There is often an assumption that bookkeepers and accountants are much of a muchness, they both perform the same duties & tasks for your business, the books! This is not the case. Understanding the difference between the roles & responsibilities of Bookkeepers vs Accountants can be extremely beneficial, and allow you to take advantage of what they can each add to your business.
What does a Bookkeeper do?
The bookkeeper records daily financial transactions in a reliable & dependable manner. Bookkeeping is the stepping stone of accounting and is a fundamental aspect to the smooth running & overall financial viability of a business.
Common tasks performed by a bookkeeper include:
- Bank & Credit Card Reconciliations
- Purchases, receipts, sales & payments
- Managing payroll
- Processing of invoices
- Debtor & Creditor management
- Management of cashflow
- Payroll Tax payments & reconciliation
- Superannuation payments & reconciliation
- BAS & IAS preparation and lodgement
- Prepares reliable reports for Accountants
What does an Accountant do?
The accountant looks at the big picture and verifies the information provided by the bookkeeper for a specific accounting period. They offer high level financial & taxation advice. Accountants are more focused on analysing and reporting on financial data which can be easily interpreted by owners & investors etc.
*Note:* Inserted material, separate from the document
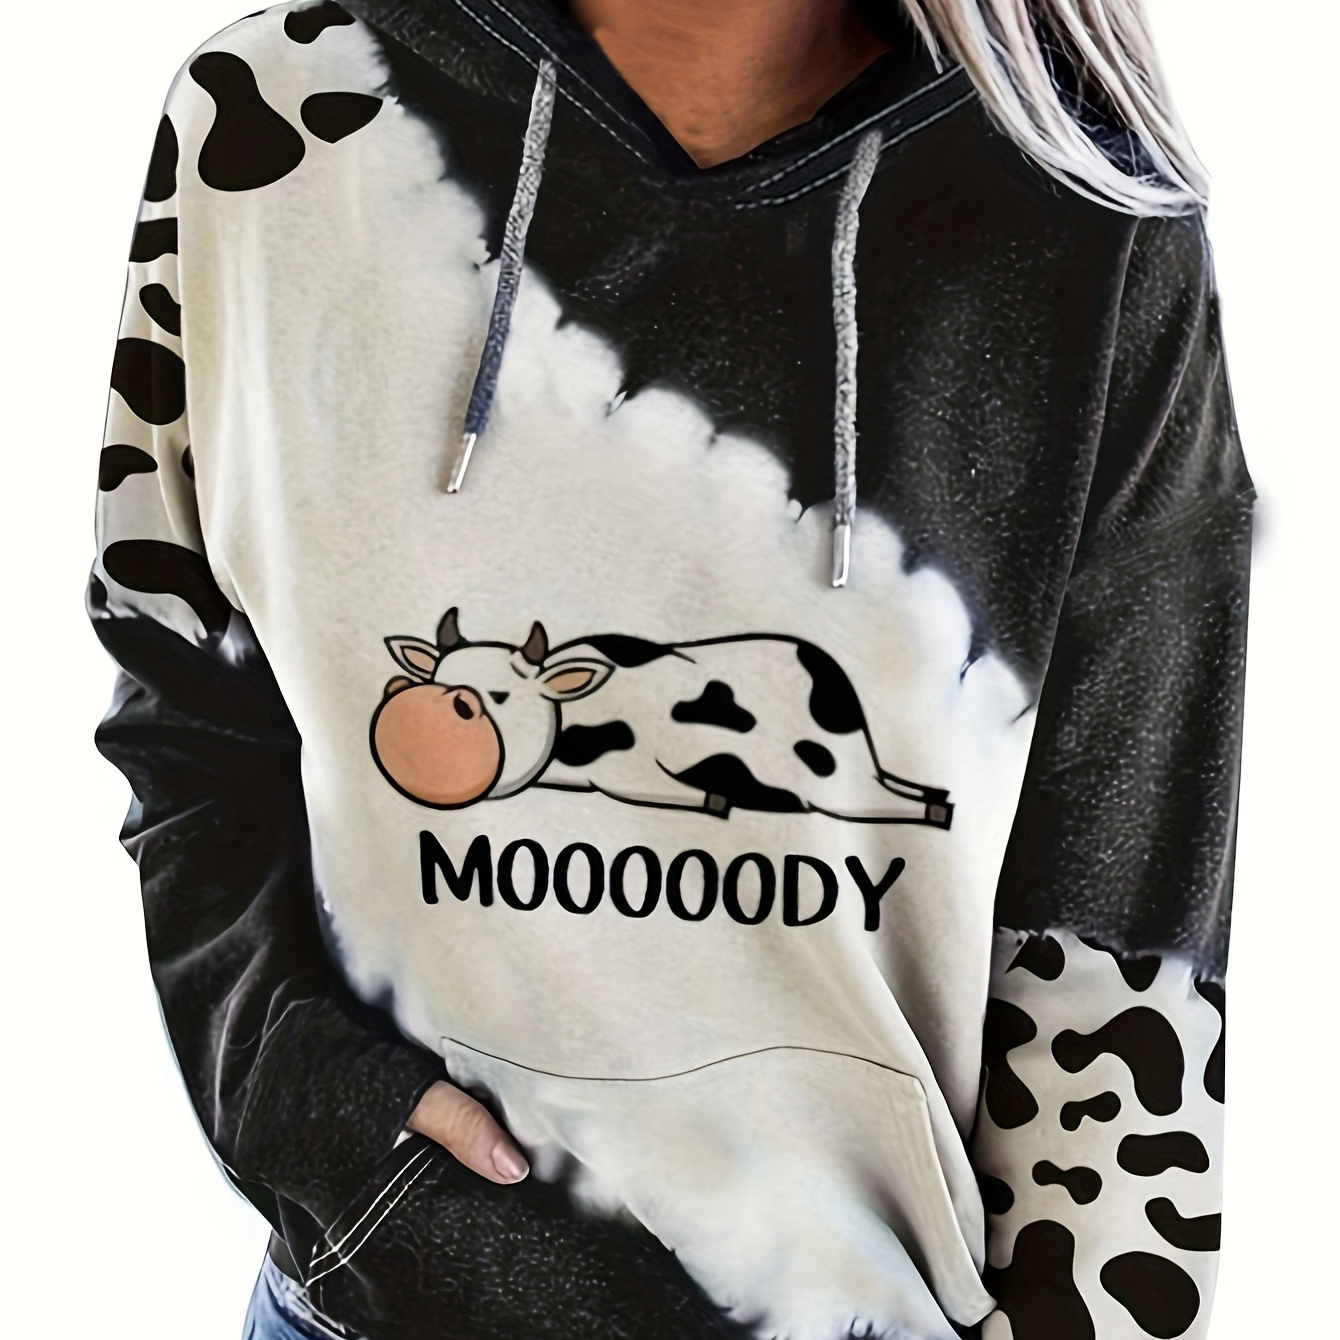 

Cow & Letter Print Hoodies, Casual Drawstring Kangaroo Pocket Sweatshirt, Women's Clothing

Common tasks performed by an accountant include:
- Prepare adjusting entries
- Calculate depreciation
- Preparation of financial statements
- Preparation and lodgement of Tax returns
- Financial forecasting
- Strategic tax planning
- Bring key financial indicators together
All in all, bookkeepers and accountants share common goals, and both parties contribute differently to the long term financial success of a business, at varying stages of the financial cycle. Bookkeeping is a platform to accounting. Whilst the two professions remain inseparable it is important to gauge and differentiate the different roles both the bookkeeper and accountant play in your business.